→ TASK DESCRIPTION
Begin the copy at the line containing "Тент для накрытия" in the data below and end it at the line containing "Heart - Live At The Royal Albert Hall (DVD)", keeping each line exact and leaving out pictures.

→ DATA SUPPLIED
================
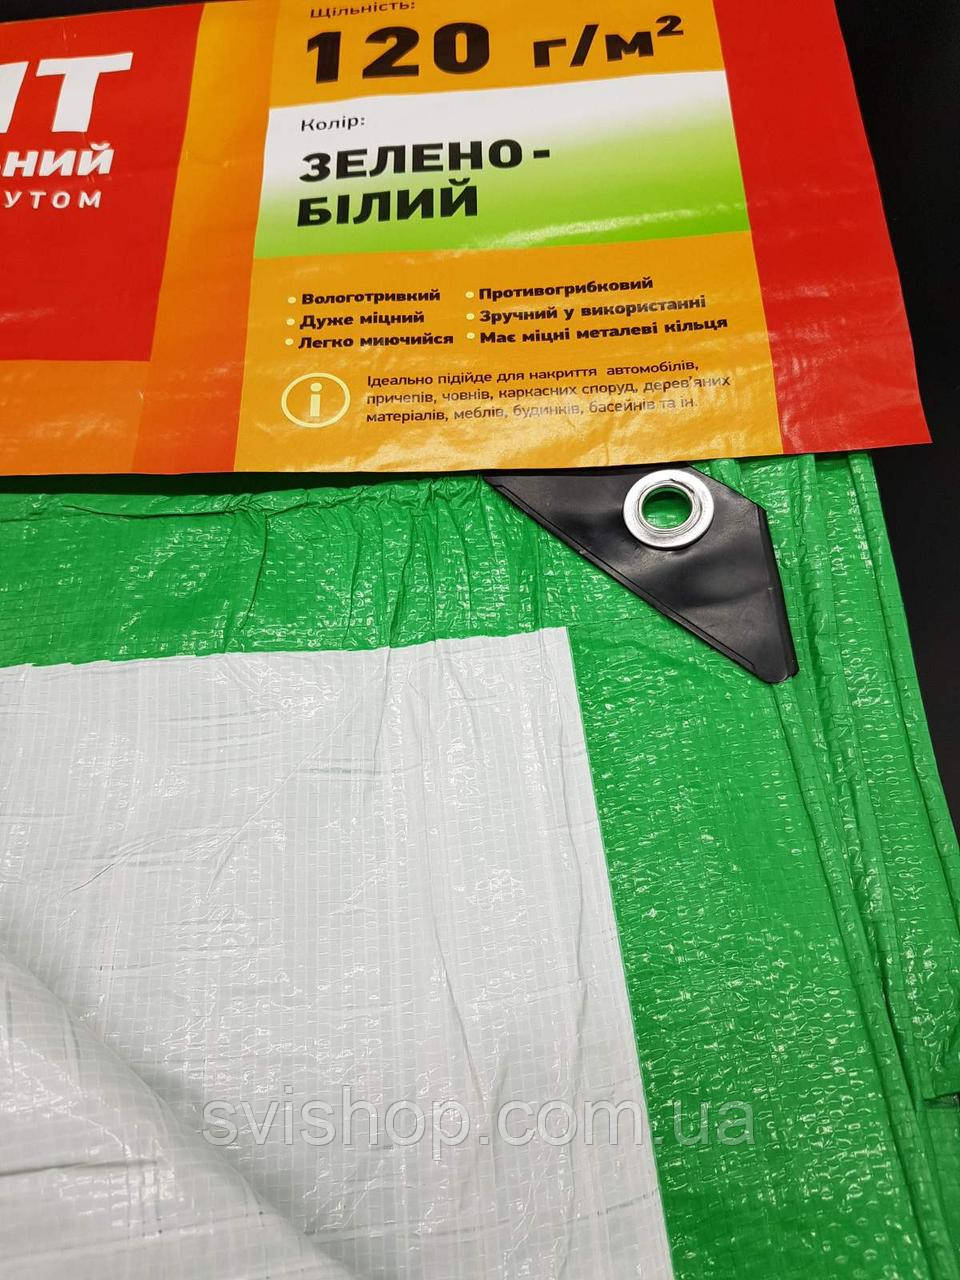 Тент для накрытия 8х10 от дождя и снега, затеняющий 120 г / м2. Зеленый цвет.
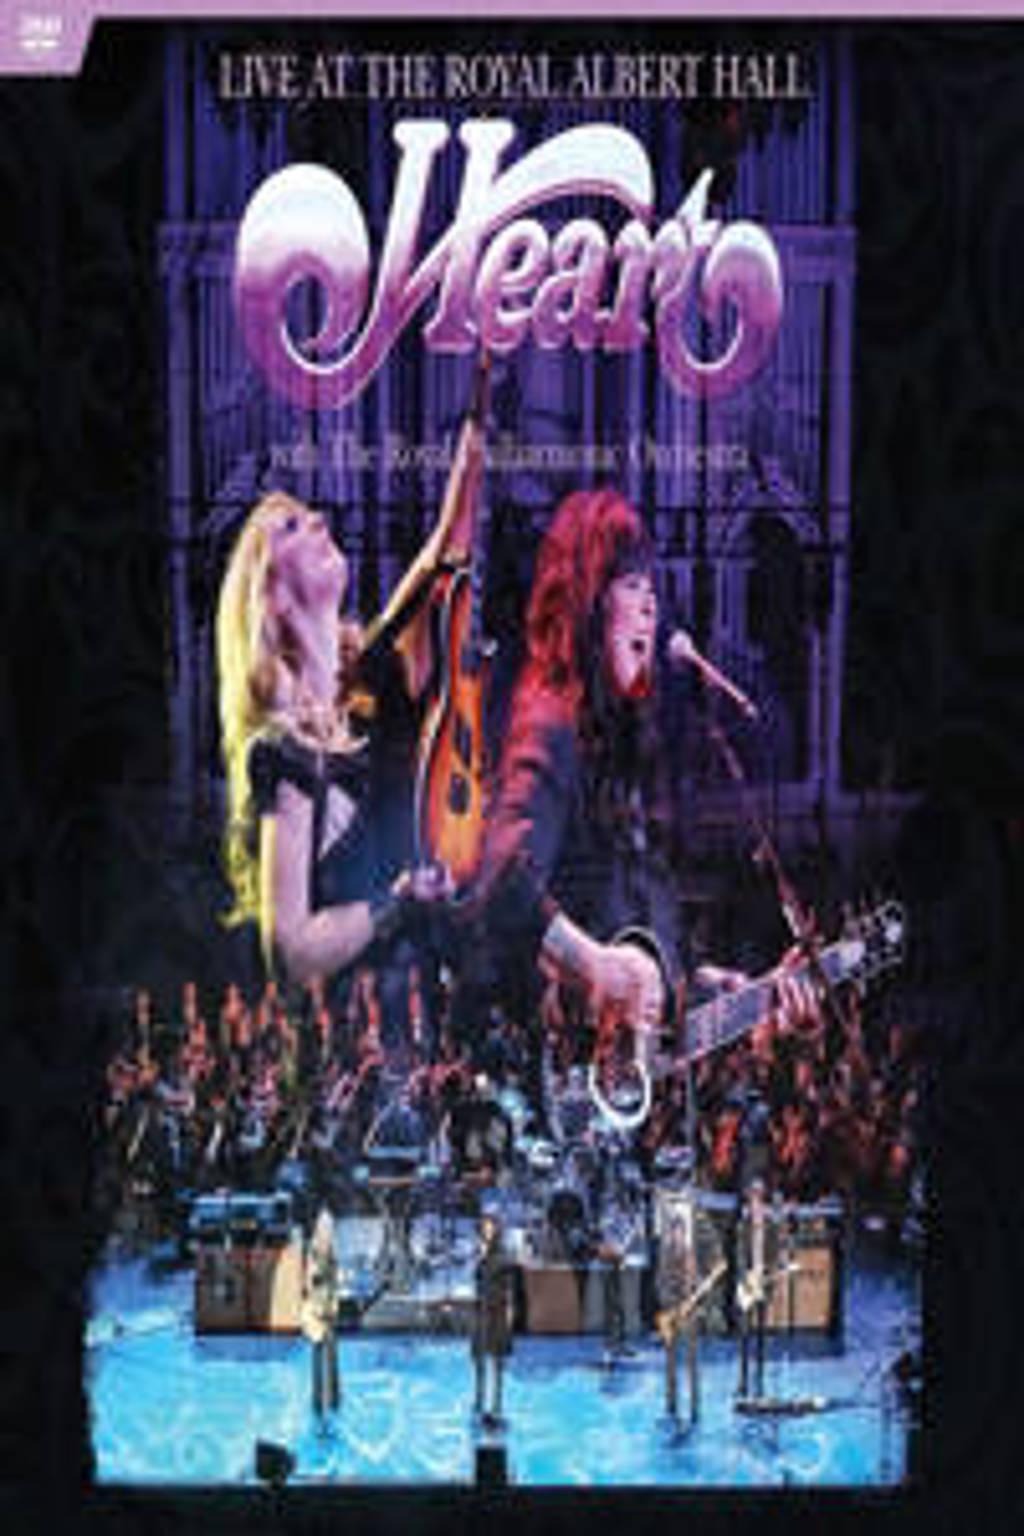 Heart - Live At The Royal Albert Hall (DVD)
================
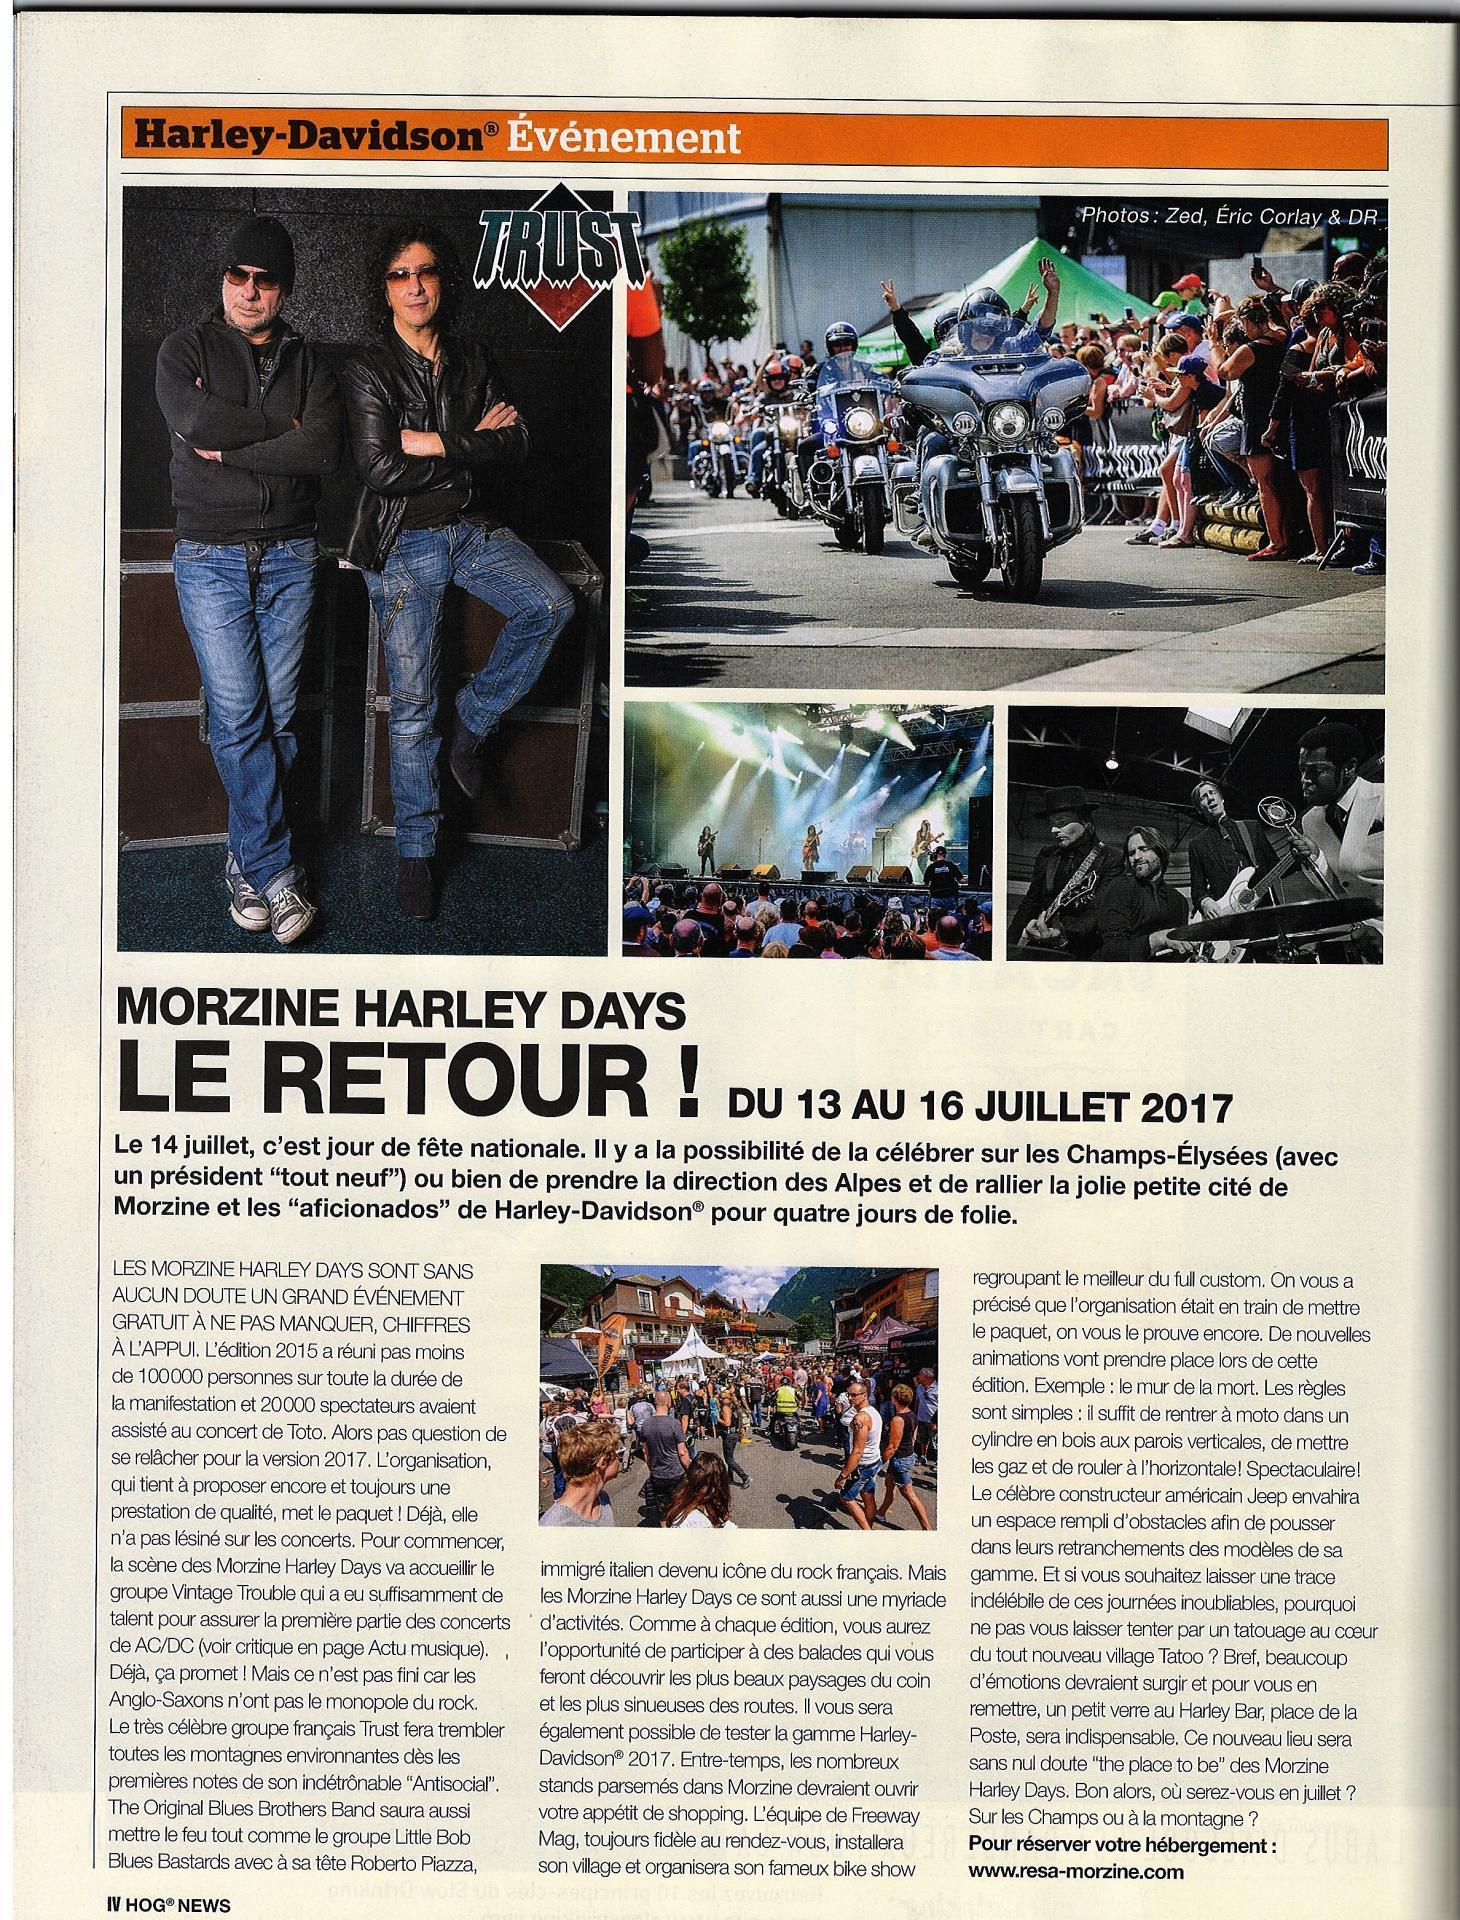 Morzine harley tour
================
→ ANSWER SECTION
 Тент для накрытия 8х10 от дождя и снега, затеняющий 120 г / м2. Зеленый цвет.
 Heart - Live At The Royal Albert Hall (DVD)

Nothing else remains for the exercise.